Every line from the one containing "Lady Bird Johnson: Science" through the end of the listing below goes in the output, exactly and without pictures.

* Data below *
********************

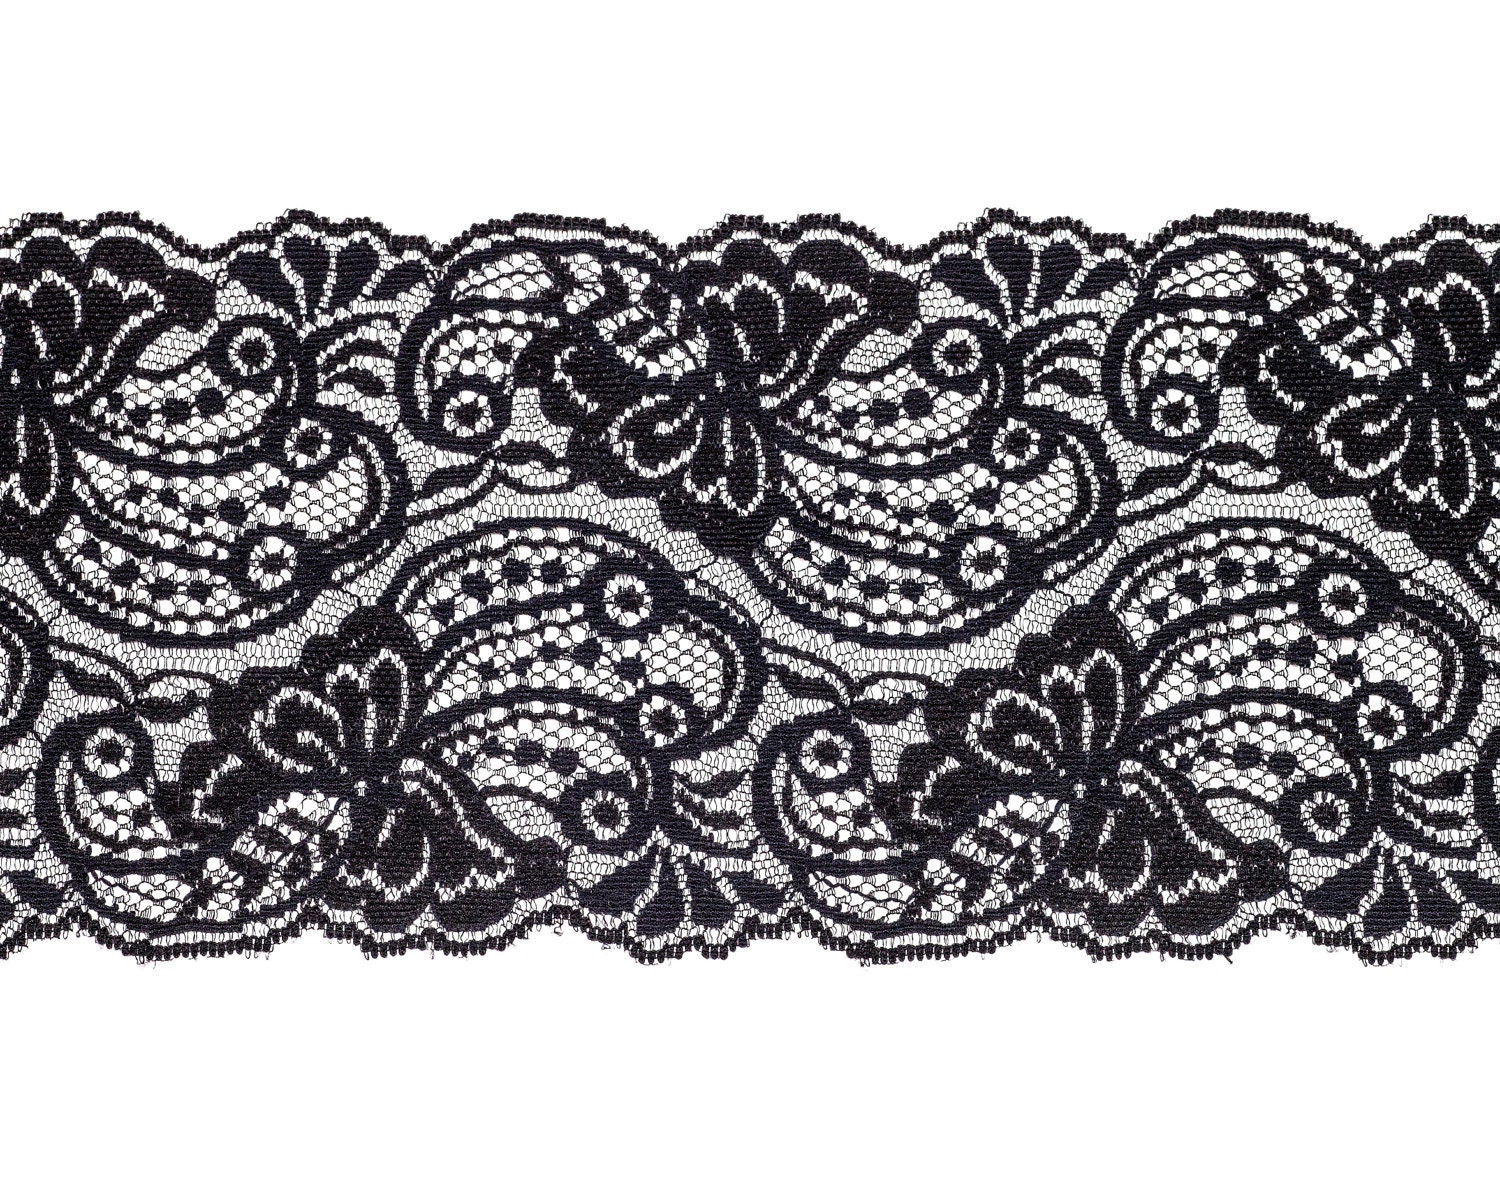 2 Yards of Wide Vintage Black Lace Trim. by CosmosCoolSupplies
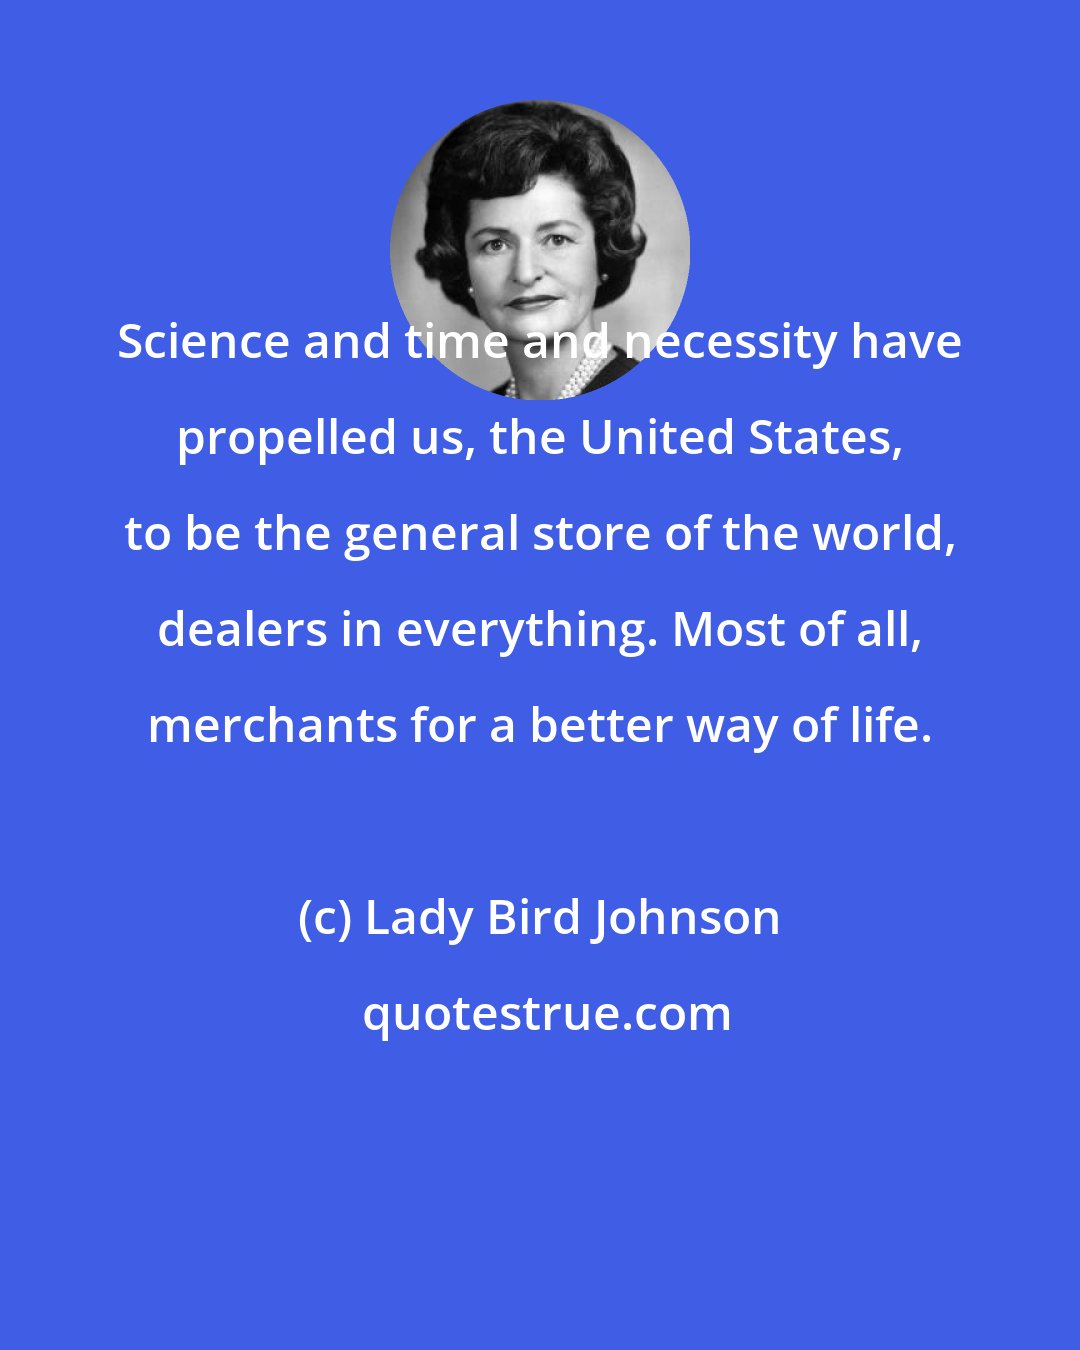 Lady Bird Johnson: Science and time and necessity have propelled us, the United States, to be the general store of the world, dealers in everything. Most of all, merchants for a better way of life.
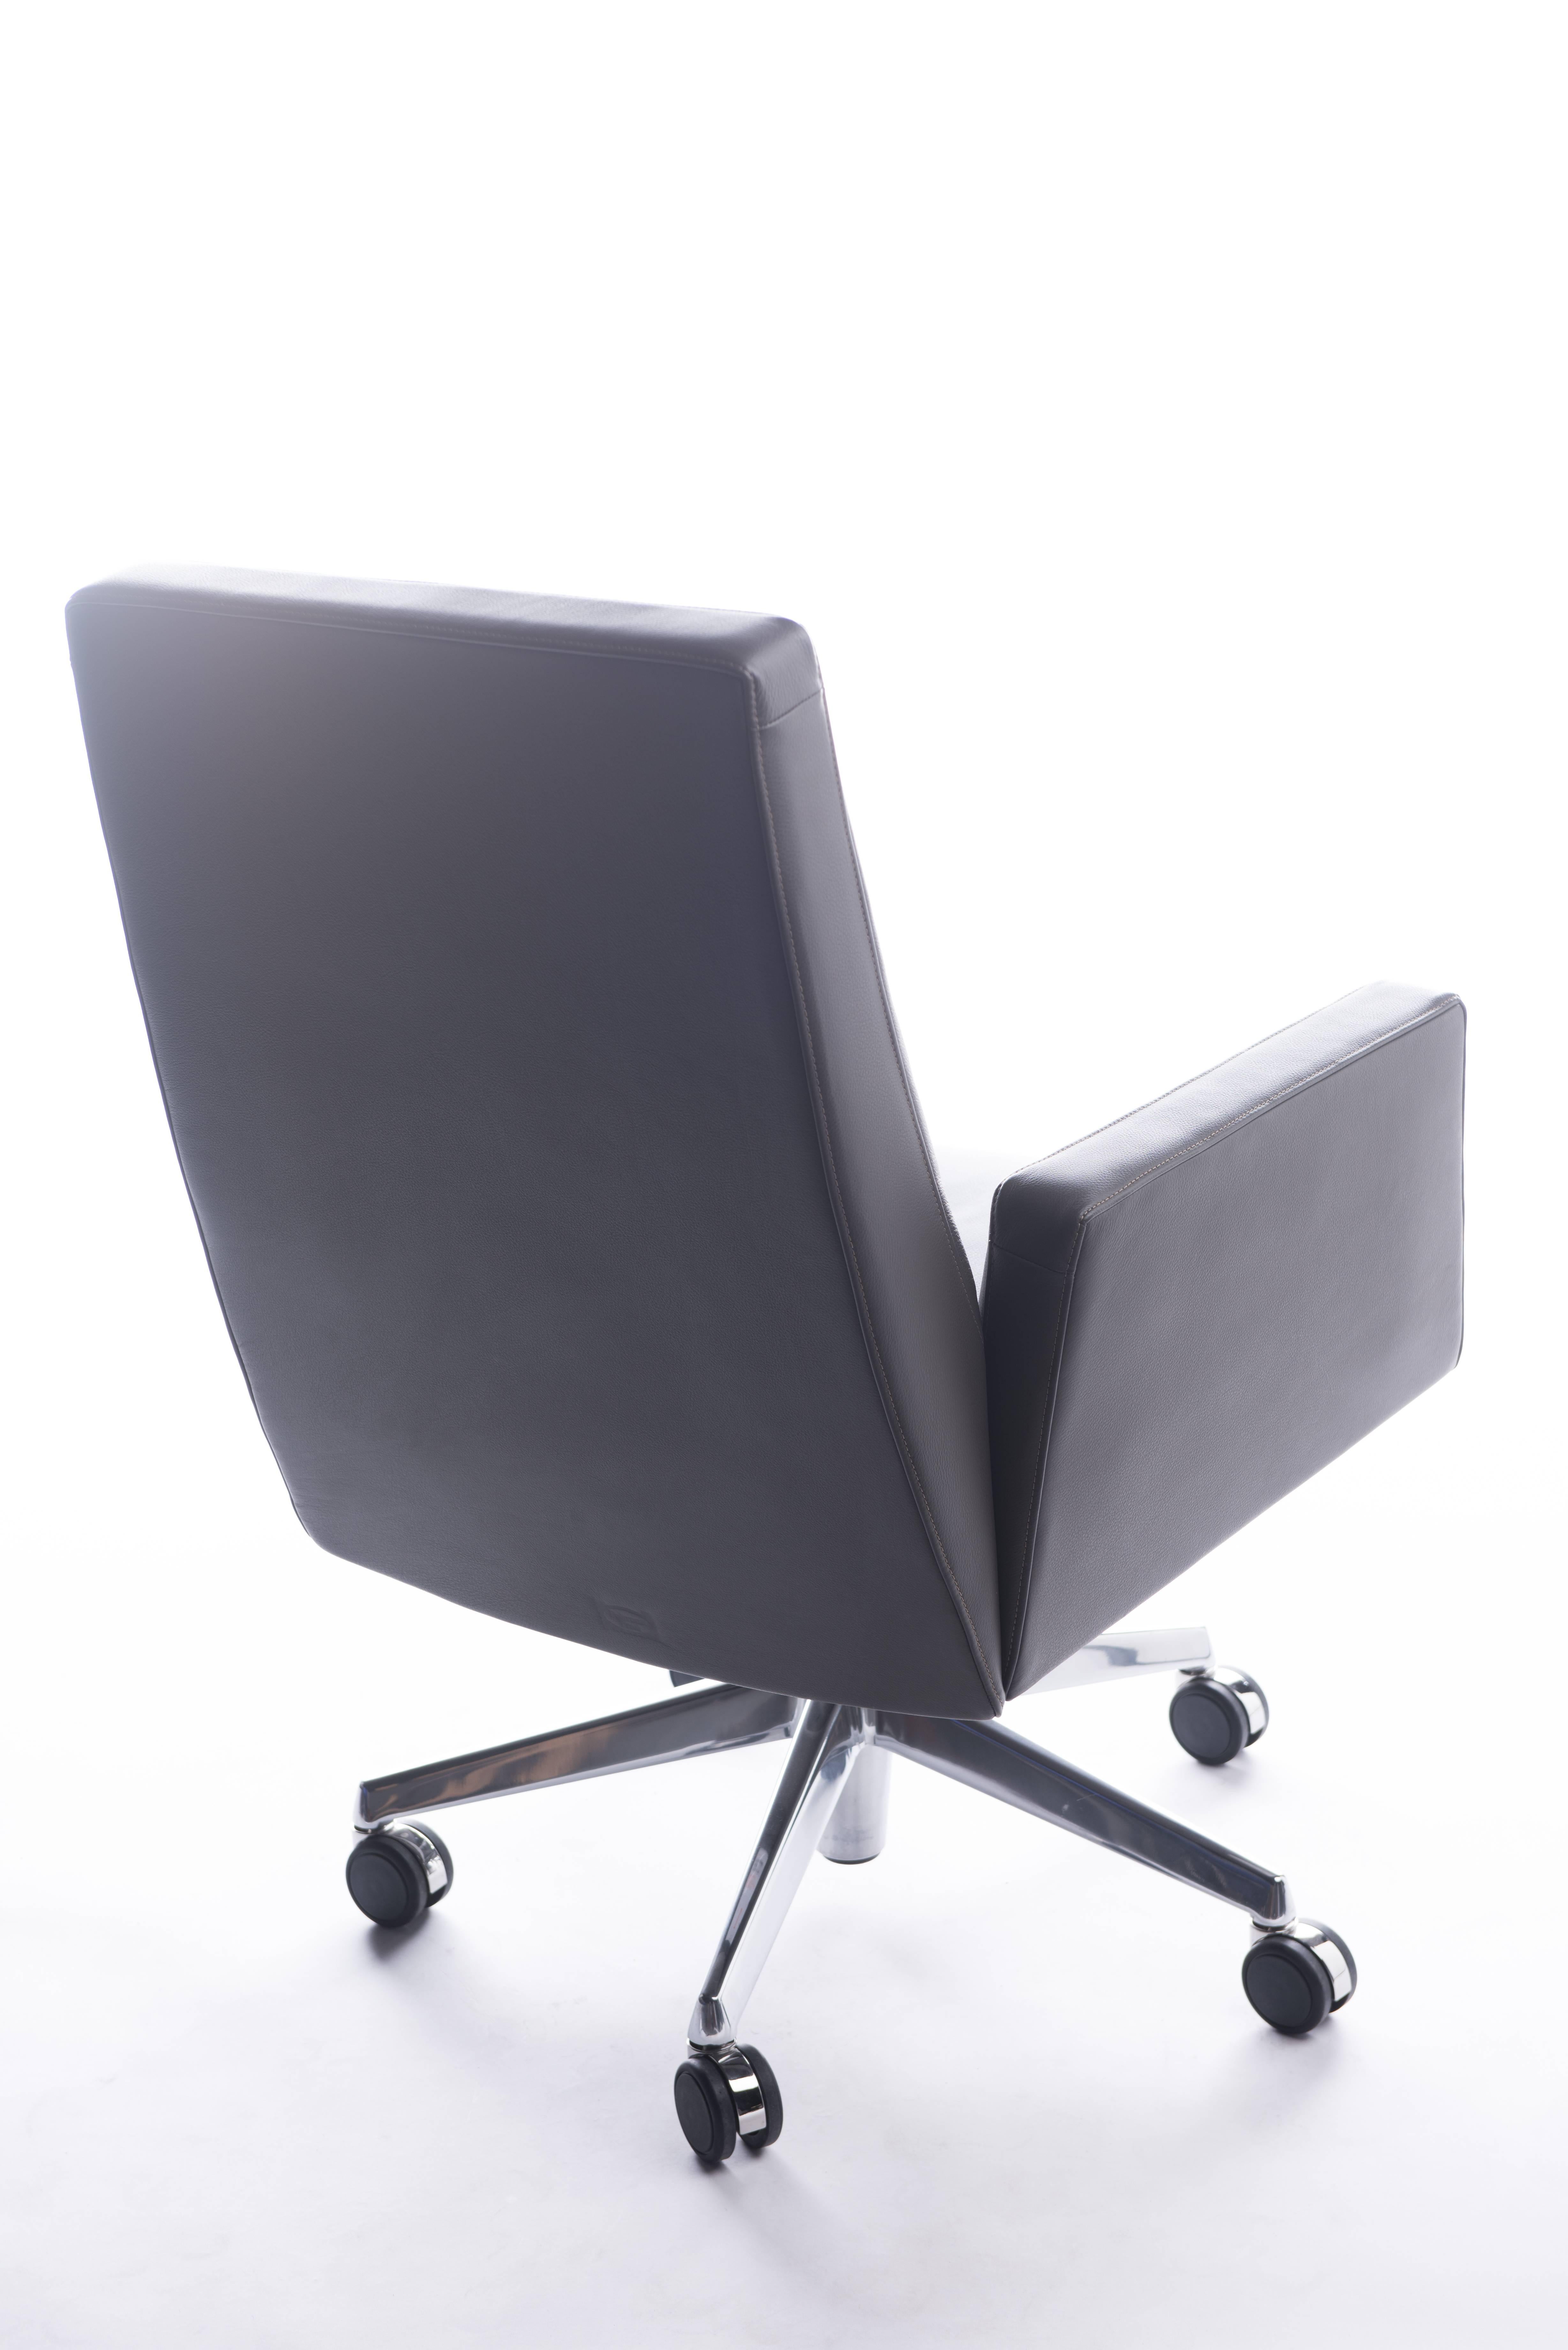 A chair with a strong scenic presence in the workplace. The arms that continue on from the seat provide a new expression and are designed to improve comfort levels and enhance relaxation time. This chair is height adjustable, rotates and is fitted

********************

* Output *
 Lady Bird Johnson: Science and time and necessity have propelled us, the United States, to be the general store of the world, dealers in everything. Most of all, merchants for a better way of life.
 A chair with a strong scenic presence in the workplace. The arms that continue on from the seat provide a new expression and are designed to improve comfort levels and enhance relaxation time. This chair is height adjustable, rotates and is fitted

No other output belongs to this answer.